Now that core is built, we can build our code! Cargo is the tool in Rust for this task, so cargo-xbuild calls on it to do so. It passes along our custom target JSON to make sure that we're outputting a binary for the correct target.

Invoking rustc to build the code

Cargo doesn't actually build our code: it invokes rustc, the Rust compiler, to actually do the building. Right now our OS is very simple, but as it grows, and as we split our code into packages, and use external packages, it's much nicer to let Cargo handle calling rustc rather than doing it by hand.

Creating a .bin file

Now that we have our OS compiled, we need to prepare it for running. To do so, bootimage creates a special file, called a .bin file. The .bin stands for "binary", and it has no real format. It's just a bunch of binary code. There's no structure, headings, layout, nothing. Just a big old bag of bits.

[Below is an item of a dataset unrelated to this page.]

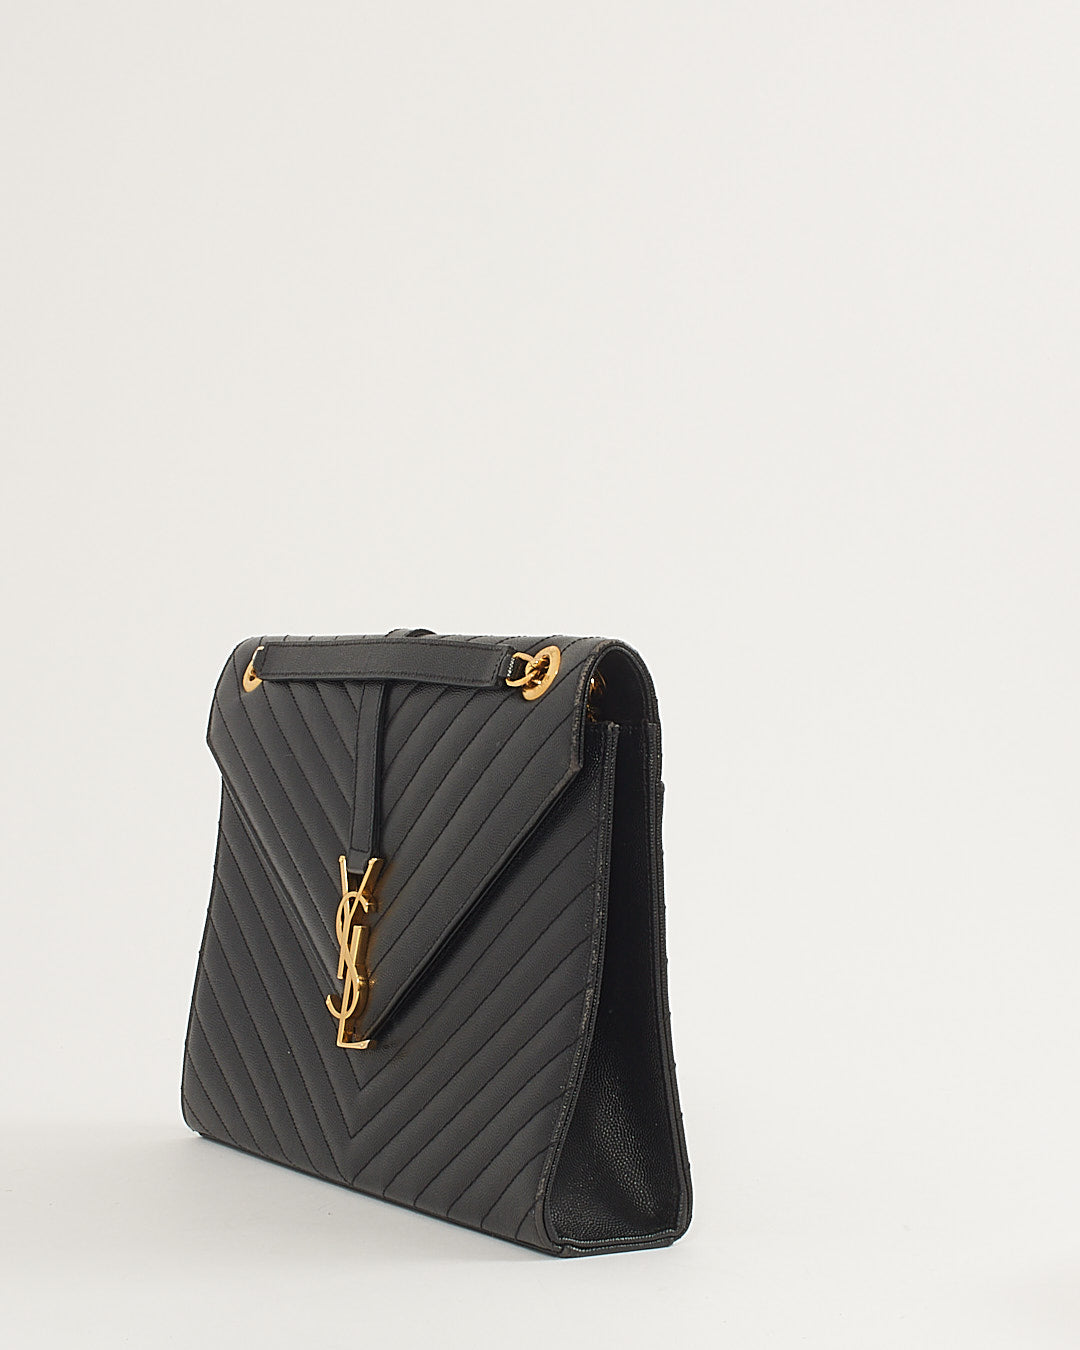 Saint Laurent Black Grained Leather Large Envelope Flap Bag

However, that doesn't mean that what's in there is random. You see, when you start up your computer, something called the BIOS runs first. The BIOS is all-but hard-coded into your motherboard, and it runs some diagnostic checks to make sure that everything is in order. It then runs the 'bootloader'.

This is either the most interesting or most boring part of this whole enterprise. Almost all of this is piles and piles of backwards compatibility hacks. Since early computers were very small, the bootloader only gets to have 256 bytes of stuff inside it. The eventual goal is to run your OS, but there's a few other possibilities. For example, maybe you have more than one OS on your computer, so the bootloader invokes a program that lets you choose between them. Additionally, even on today's high-powered CPUs, when the bootloader is invoked, they're in a backwards-compatible mode that makes them think they're a processor from the 70s. That's right, we basically didn't ever change the foundations here, simply piled new things on top. "Oh, you think you're an 8-bit computer? Let's set up 16-bit mode. Oh, now you think you're a 16-bit computer? Let's set up 32-bit mode. Oh, now you think you're a 32-bit computer? Let's set up 64-bit mode." And then we can finally start our OS.

You may be wondering, "How does the bootloader do all this in only 256 bytes? This quesiton itself is like 90 bytes!" The answer? Compatibility hacks. Virutally all bootloaders today are multiple stages: the first tiny bootloader sets up a secondary bootloader, and that one then can be larger and do more work.

bootimage has a custom-written bootloader that puts your CPU into 64-bit mode, then calls the _start function of our OS. It assembles the bootloader's code and our OSs' code into that one .bin file.

Running our code with bootimage run

bootimage run takes our .bin file and passes it to Qemu, the emulator we discussed earlier in the chapter. Qemu uses the .bin file as the hard drive, and so when it starts up, its BIOS calls the bootloader which calls our kernel. It also emulates the screen, so when we start printing stuff to the screen, we'll see it pop up!


There's more to explore here, but for now, we're not going to worry about this stuff. It's very platform-specific, and mostly papering over legacy. Instead, let's move forward and make our kernel actually do stuff, not worry about how to put a processor into a specific mode.

In the next chapter, we'll print some characters on the screen!